Menal Kidane, who fled the totalitarian government in her native Eritrea, migrated solo to the Los Angeles area through South and Central America. She worked with Bennett and Davis to create a house recipe at Flavors From Afar based on zigni, a traditional beef stew from her homeland. Together, they came up with a unique lamb shank dish using similar spices found in the stew, but given a new flavor dimension with a different protein.
Hussein-Cattan is no stranger to resettlement; her own mother, Dima, fled Ethiopia to a refugee camp in Somalia, where Hussein-Cattan would be born. Both immigrated to the United States in the early 1980s, where Hussein-Cattan became the first woman in her family to graduate from high school and the first person to earn a Master’s degree. Drawing upon her mother’s difficulties integrating into American society—but also her efforts in paving the way for other refugees—Hussein-Cattan turned her mother’s work into her thesis project, and together they founded Tiyya in 2010.
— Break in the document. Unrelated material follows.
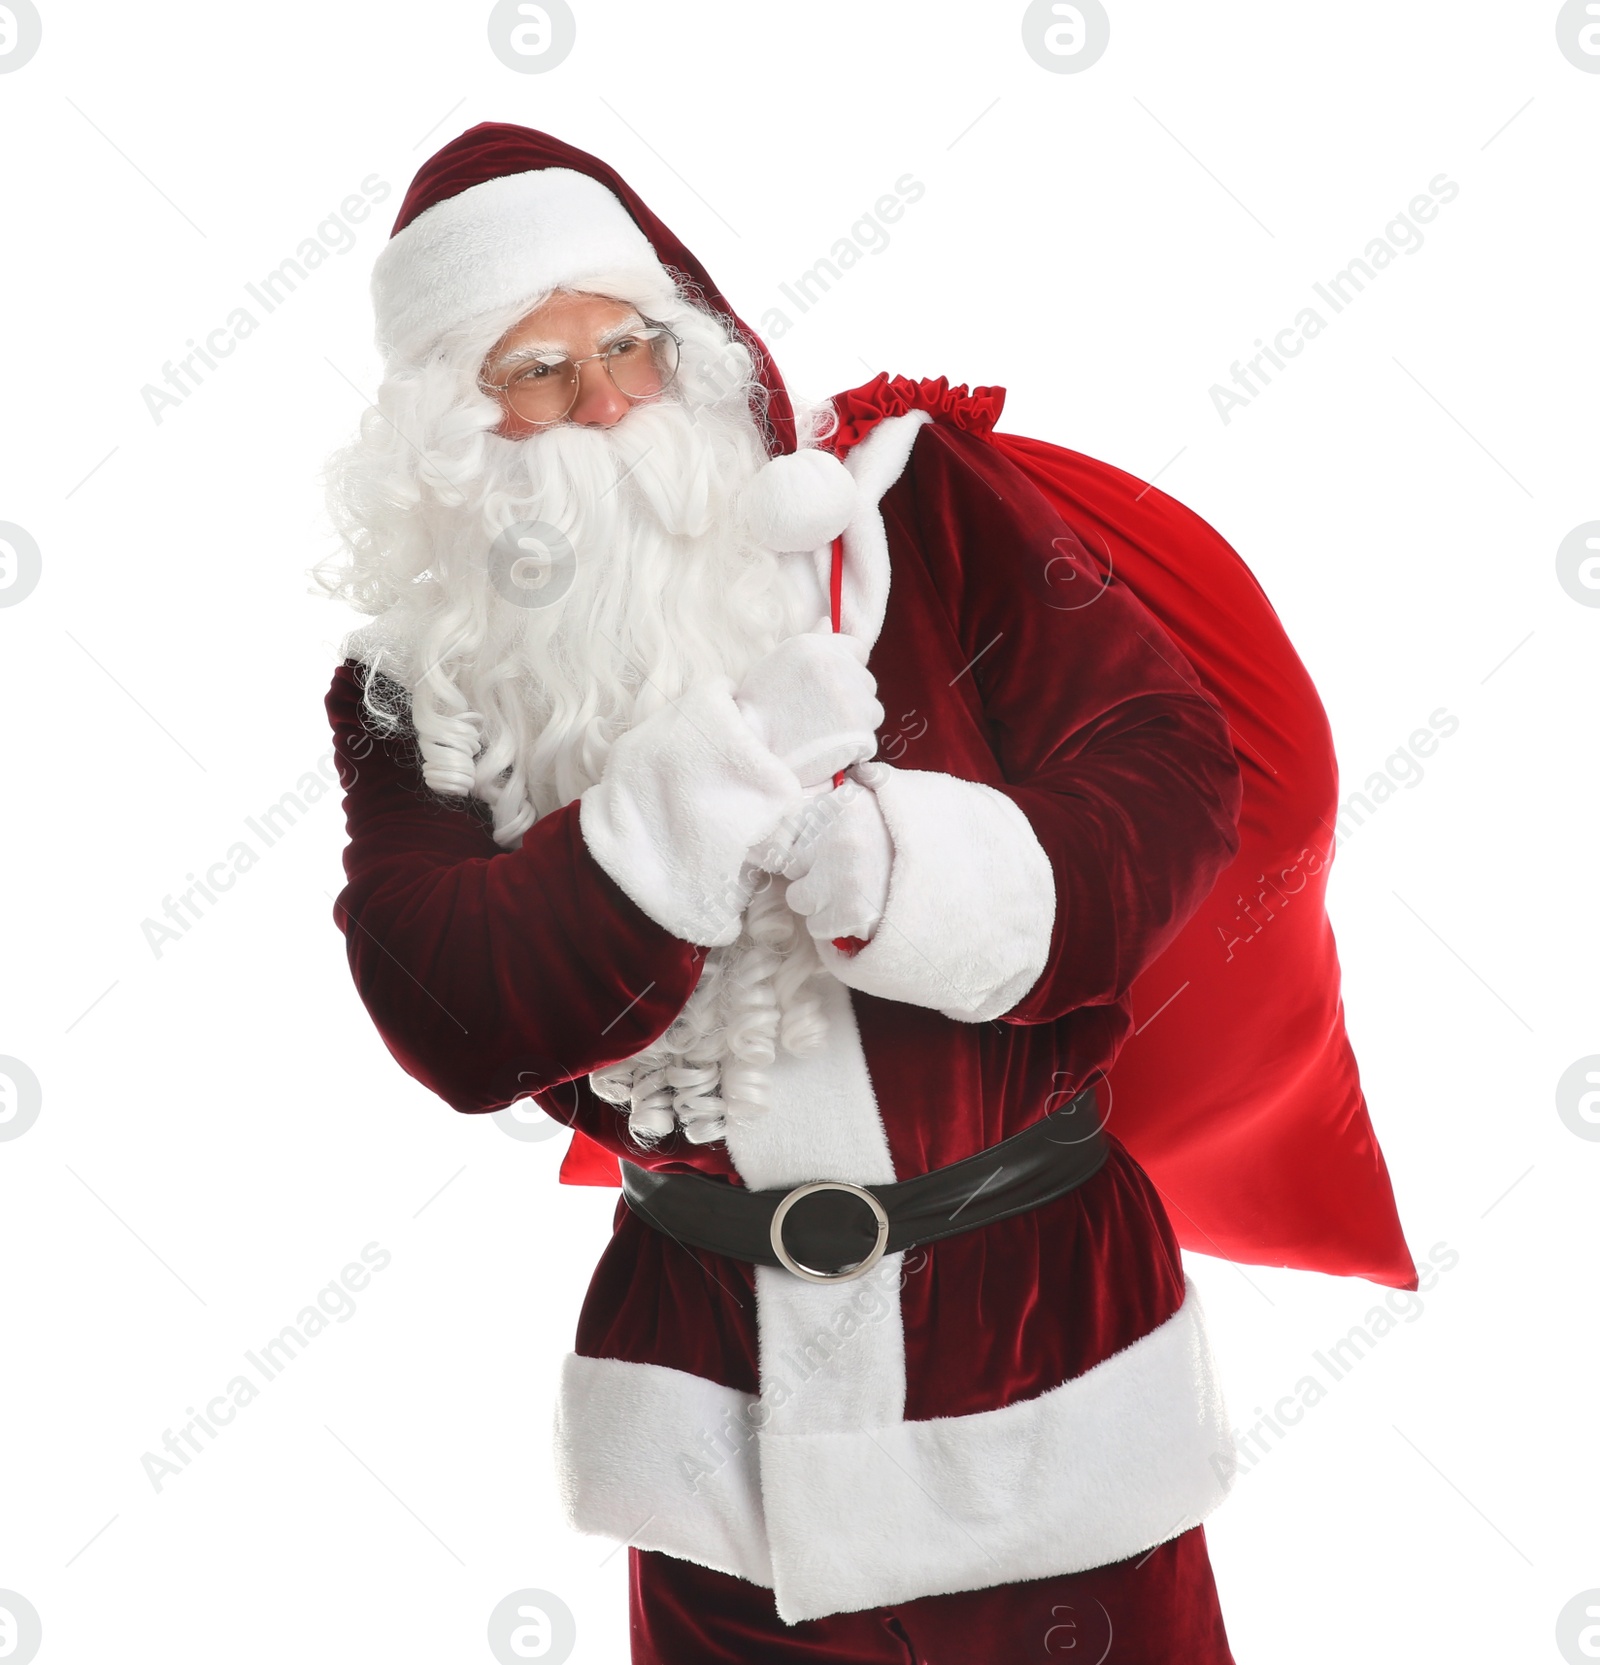 Photo of Santa Claus with sack on white background

Though Dima is now retired, Hussein-Cattan has continued to carry out her mother’s important work, along with Davis and Bennett. At the time of Trump’s election, Tiyya had a government contract. Cut after cut to the Refugee Resettlement Program, however, meant that for all of 2019, only 18,000 refugees were resettled in the U.S.—just a fraction of the 110,000 Obama allowed by his last year in office. For the future of Tiyya, Hussein-Cattan had to plot her organization’s future without government assistance. Realizing the potential of their catering business, the Tiyya founders and employees made Flavors From Afar into a restaurant, as fleshed out in their Fairfax Avenue brick and mortar location as well as in their kitchen space in Costa Mesa at Hood Kitchen.
Whether non-profit or for-profit, nothing could have prepared any restaurant for what hit in mid-March. Plans for a tasting festival to introduce the social enterprise and their hard-to-find cuisines to the public turned into efforts to get listed on every available food delivery app. “We’ve been catering for two years, so we’re really confident about the food. We want to expand out of our immediate network,” says Davis. “A lot of people in L.A. identify as foodies but they don’t have exposure to immigrant dishes like the ones you find in homes. That’s what you can find here.”